Setelah memesan tiket kereta jauh hari, selepas pulang beraktivitas saya langsung berangkat menuju Stasiun Pasar Senen untuk mengantar bunda dan adik - adik saya terlebih dahulu untuk naik kereta dari sana. Sedangkan saya dan ayah menaiki kereta yang berbeda pada malam harinya dari Stasiun Gambir. Kereta sama - sama membawa kami menuju kota yang indah, Surakarta.

Akibat berangkat lebih dahulu, Bunda sampai di Surakarta terlebih dahulu dan langsung singgah di kediaman Mbah Tino yang kisahnya sempat saya ceritakan di sini ataupun di sini. Setelah itu saya dan Ayah sampai di Surakarta sekitar jam 5 pagi kemudian langsung bertolak pula ke kediaman Mbah Tino untuk istirahat sejenak sebelum melanjutkan pendakian. Di sana kami istirahat, sarapan, sekaligus berbenah diri sebelum melanjutkan perjalanan kembali.

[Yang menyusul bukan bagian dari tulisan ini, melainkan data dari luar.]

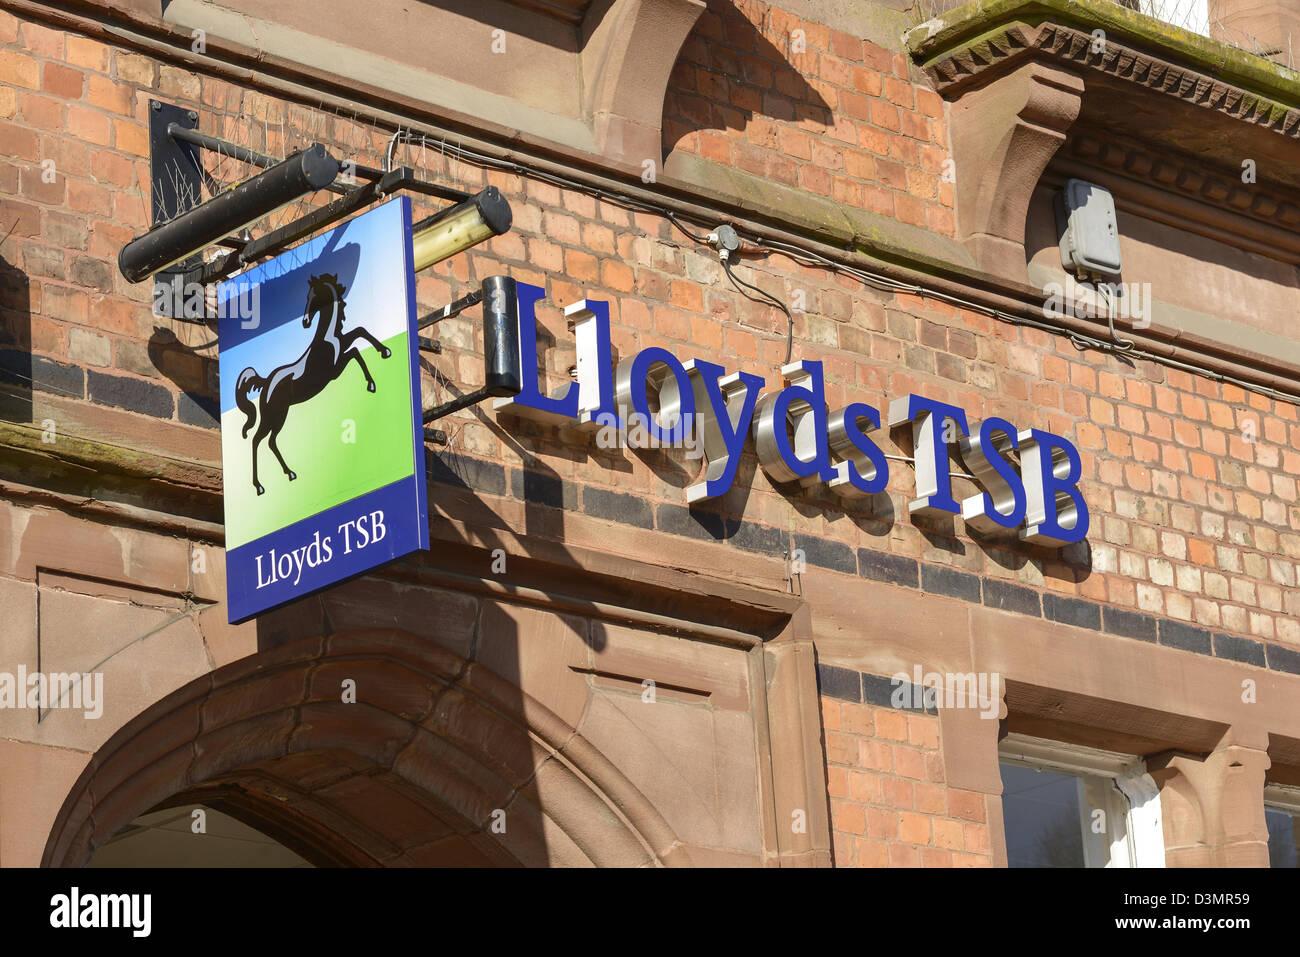 Lloyds TSB Bank sign - Stock Image

Jam 08.30 setelah segalanya rapih kami segera hendak menuju Cemoro Sewu (basecamp pendakian Gunung Lawu di Jawa Timur) yang jaraknya hanya berselang 500 meter dari basecamp Cemoro Kandang. Perjalanan tak membutuhkan waktu lama, jam 09.30 kami sudah sampai di Cemoro Sewu. Dan karena hari ini adalah hari Jumat jadi saya tidak langsung mendaki melainkan menunggu sampai setelah Shalat Jumat dan baru mendaki setelah Shalat Jumat selesai. Letak masjid yang bersebrangan dengan basecamp pun membuat pelaksanaan Shalat Jumat jadi lebih mudah karena tidak perlu mencari masjid yang letaknya jauh dengan basecamp.

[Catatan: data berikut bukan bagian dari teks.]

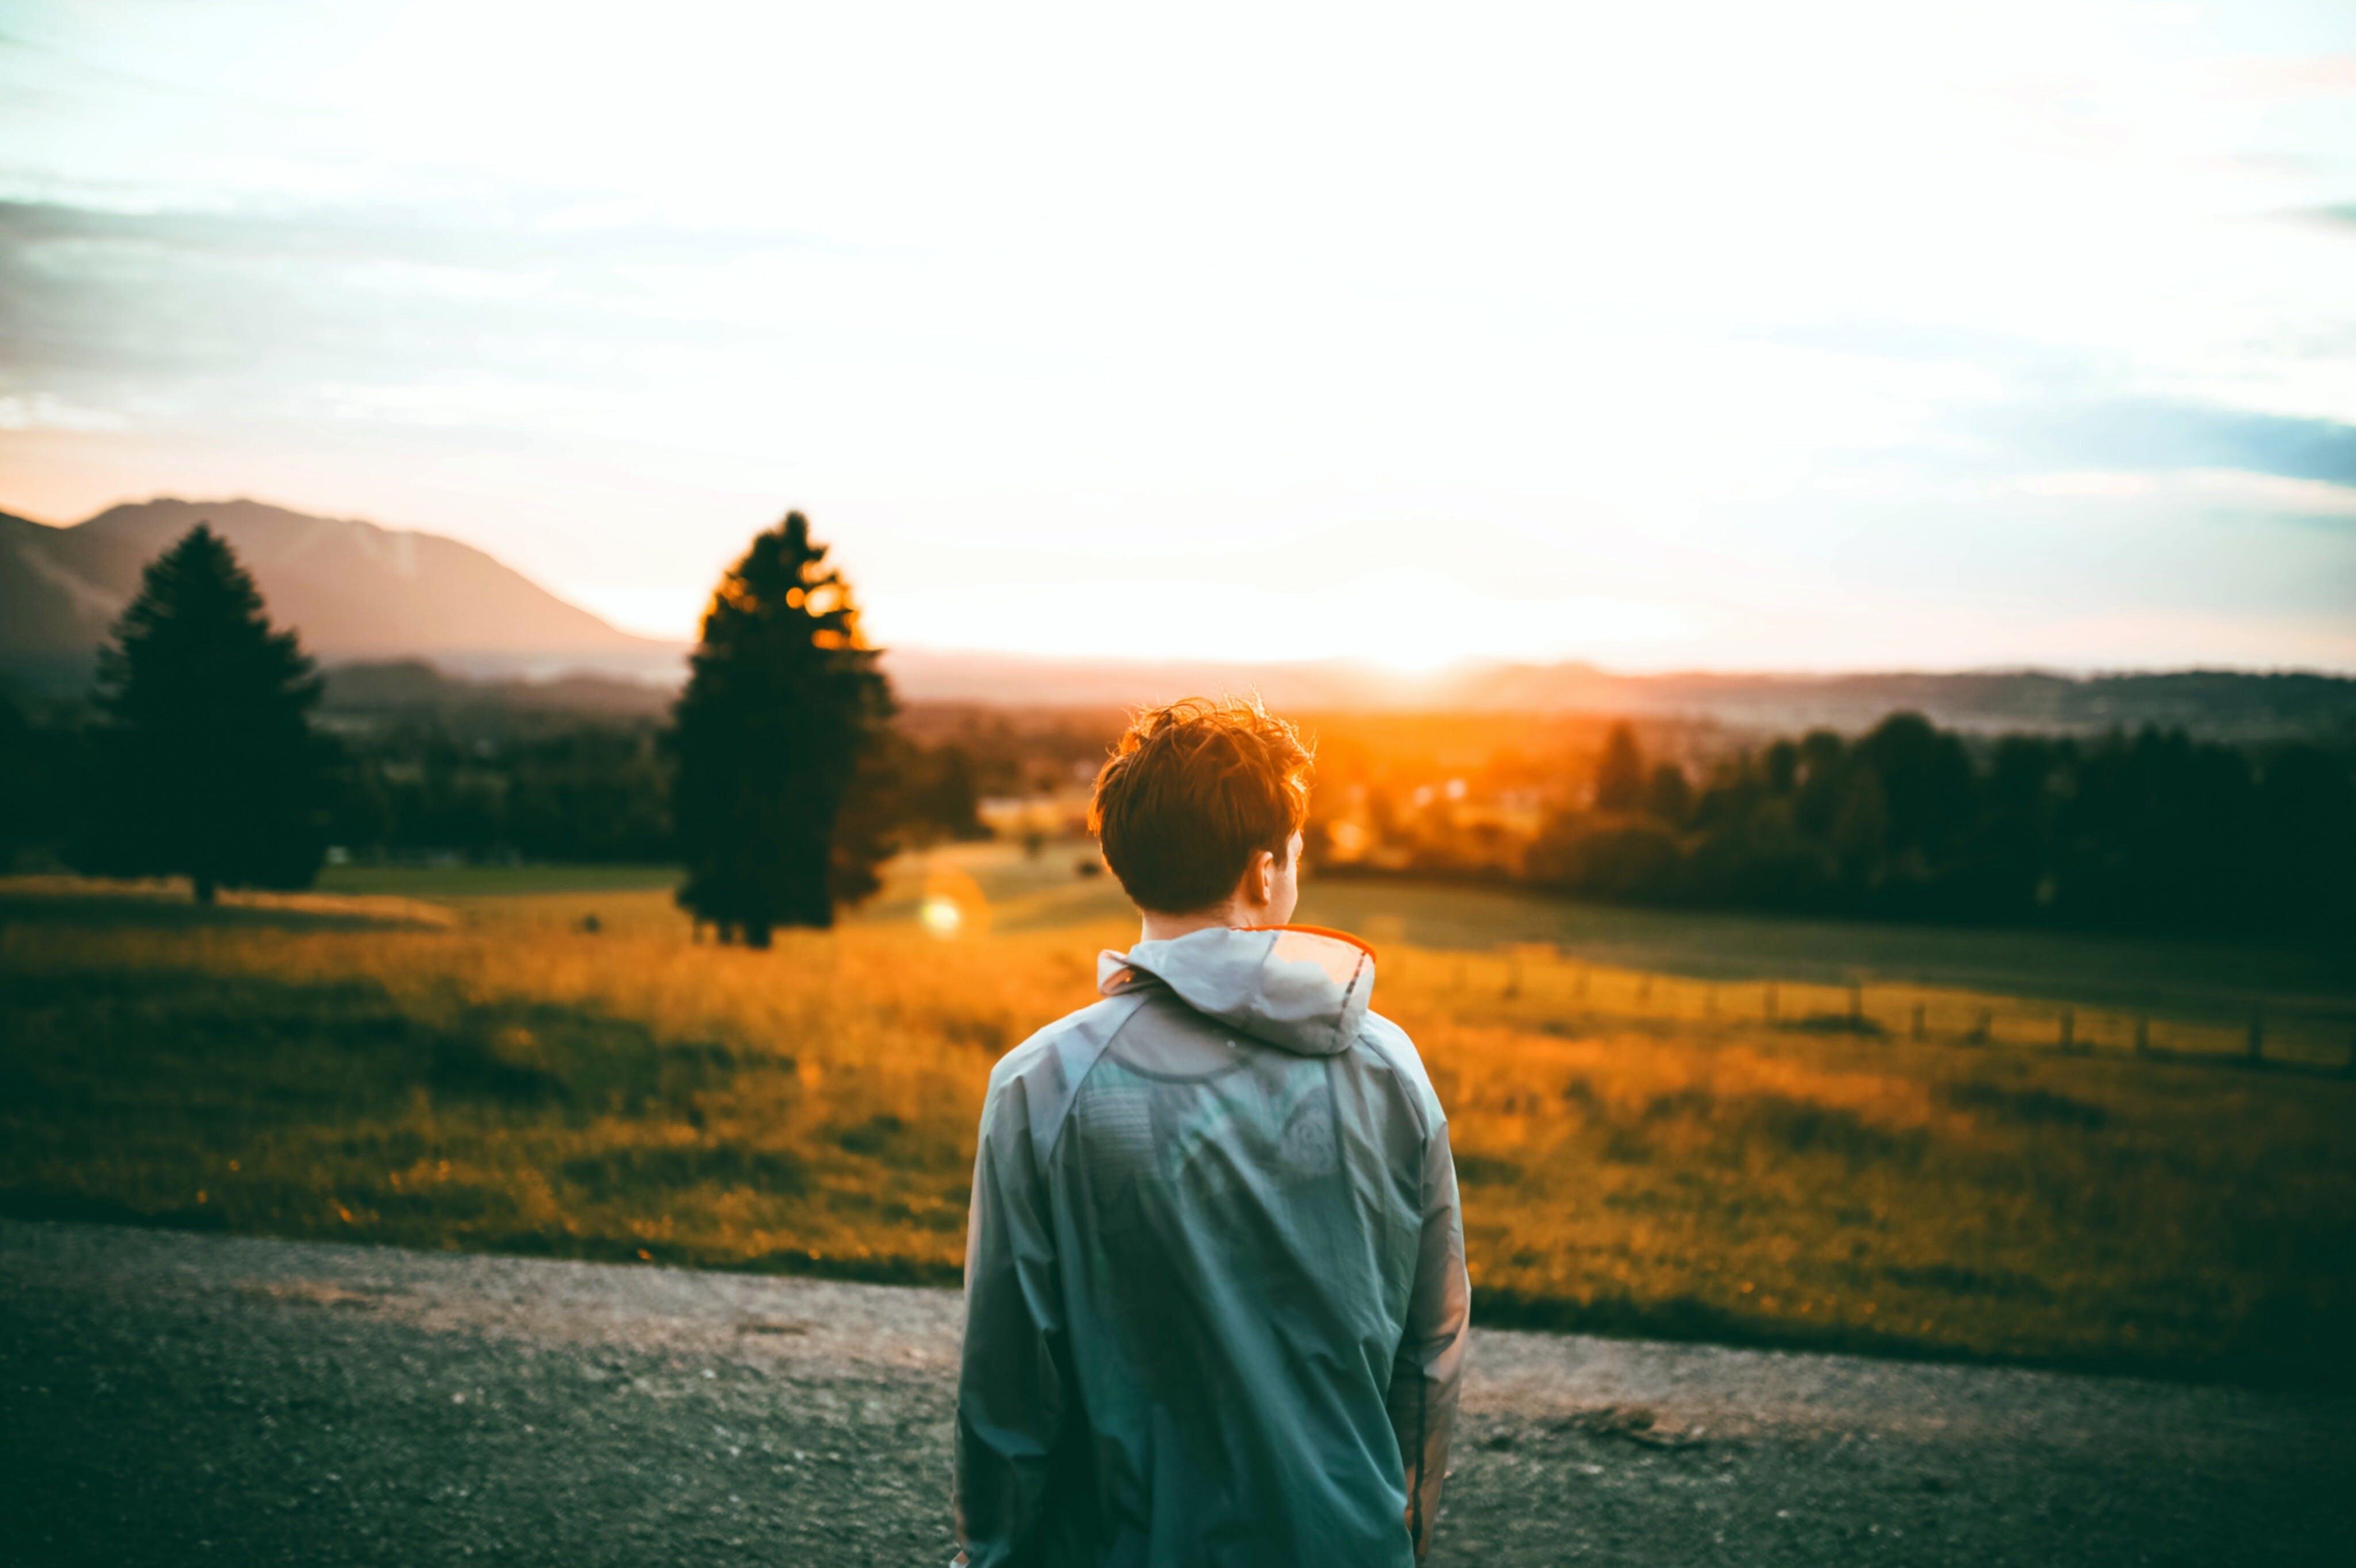 Man Standing Beside Road Facing Sun

Lawu dari arah Tawangmangu
Cemoro Sewu














Selepas Shalat Jumat, tepat pukul 12.35 saya, ayah dan adik saya yang pertama memulai pendakian, sedangkan bunda dan adik saya yang selanjutnya menunggu di penginapan yang letaknya juga tak jauh dari basecamp. Jalur pendakian di Cemoro Sewu mirip sekali dengan jalu pendakian Gede Pangrango via Cibodas, jalurnya yang jelas dan tersusun batu rapih membuat pendakian tidak terlalu membingungkan karena tugas pendaki hanya mengikuti susunan batu yang sudah rapih. Tapi disisi lain, jalur yang seperti ini lebih cepat membuat kaki nyeri dan sakit untuk melangkah.

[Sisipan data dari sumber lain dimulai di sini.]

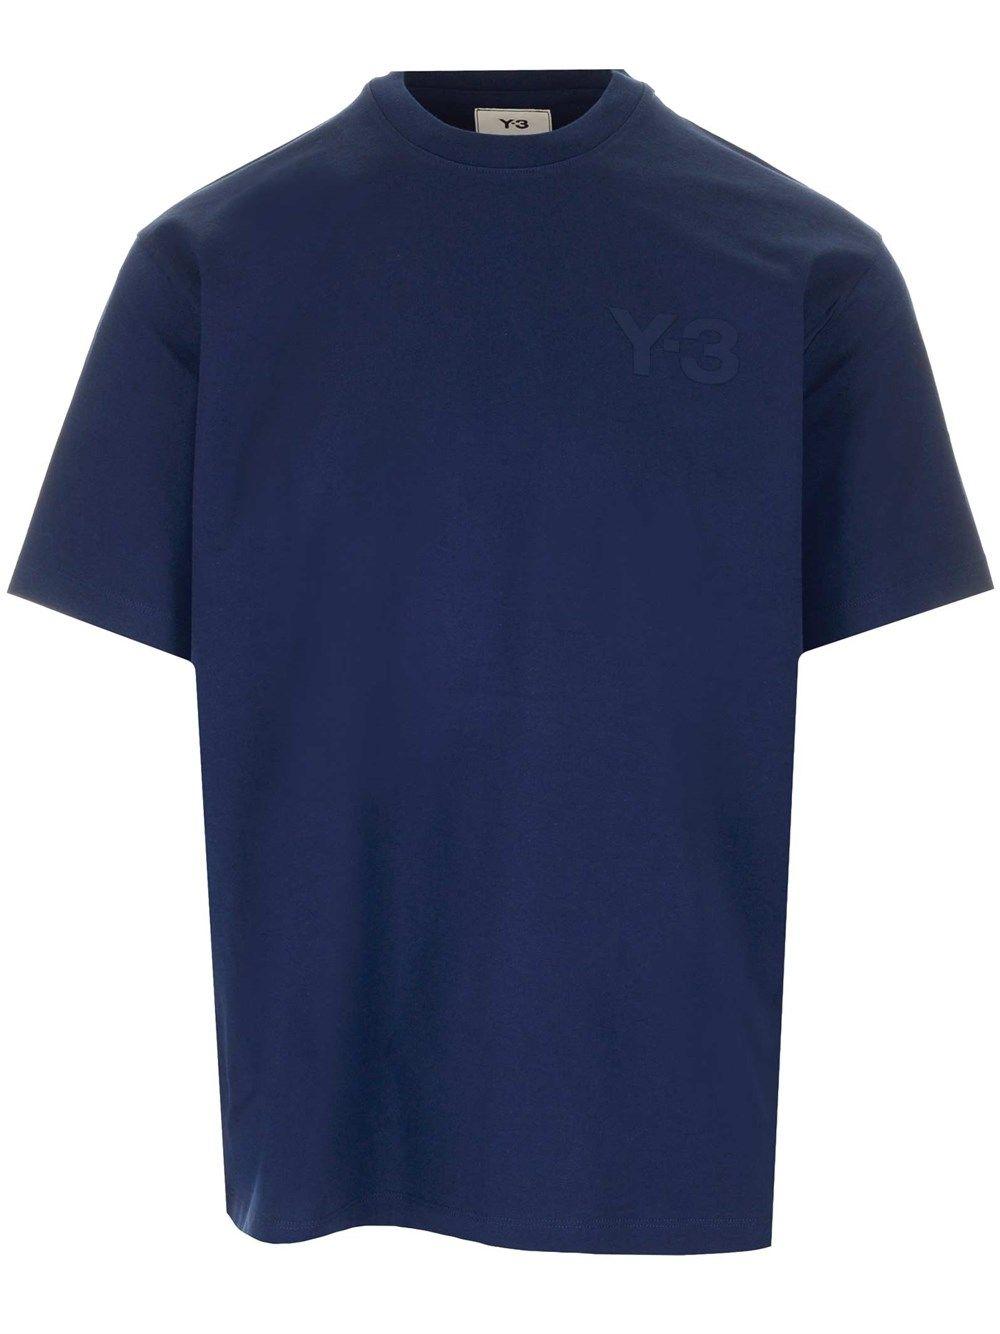 Adidas Y-3 Yohji Yamamoto Cottons ADIDAS Y-3 YOHJI YAMAMOTO MEN'S BLUE OTHER MATERIALS T-SHIRT

Setelah 1 jam berjalan naik dan diselingi beberapa kali istirahat, kami sampai di pos 1 (Wes - Wesan). Di pos 1 terdapat warung yang menjajakan makanan dan minuman dan juga lahan yang cukup untuk 2 -3 tenda. Tetapi, mendirikan tenda di pos 1 bukanlah hal yang saya rekomendasikan karena dari sini perjalanan menuju puncak sangat masih jauh. Setelah beristirahat sejenak untuk membasahi kerongkongan, kami kembali melanjutkan perjalanan.

Pos 1 Wes - Wesan
Pendakian menuju pos 2 adalah pendakian yang cukup panjang dan jalur pun masih didominasi bebatuan yang tersusun. Matahari yang kian melunak panasnya membuat energi kami setidaknya lebih tersimpan untuk mendaki walaupun tetap saja melelahkan. Setelah 1 jam 40 menit mendaki kami tiba di pos 2 dan tidak terdapat siapa - siapa lagi disana. Disini juga terdapat warung, tetapi saat kami sampai warung tersebut masih tutup.

Jam 15.30 pendakian kembali dilanjutkan, dan setelah dapat omongan dari sana - sini katanya jalur dari pos 2 - pos 3 adalah jalur pendakian terberat menuju Puncak Gunung Lawu. Tetapi, menurut saya selama mendaki pun jalur ini bukanlah yang tersulit karena setelah 1 jam 5 menit kami bisa sampai di pos 3. Dan kondisinya pun sama, disini hanya ada kami bertiga, ya dapat dimaklumi karena kami mulai mendaki di hari Jumat sedangkan Gunung Lawu biasanya ramai pendaki di hari Sabtu dan Minggu. Di pos 3 kami memutuskan untuk membuka perbekalan untuk mengisi perut yang mulai keroncongan sebelum berunding mau melanjutkan perjalanan atau mendirikan tenda di pos 3.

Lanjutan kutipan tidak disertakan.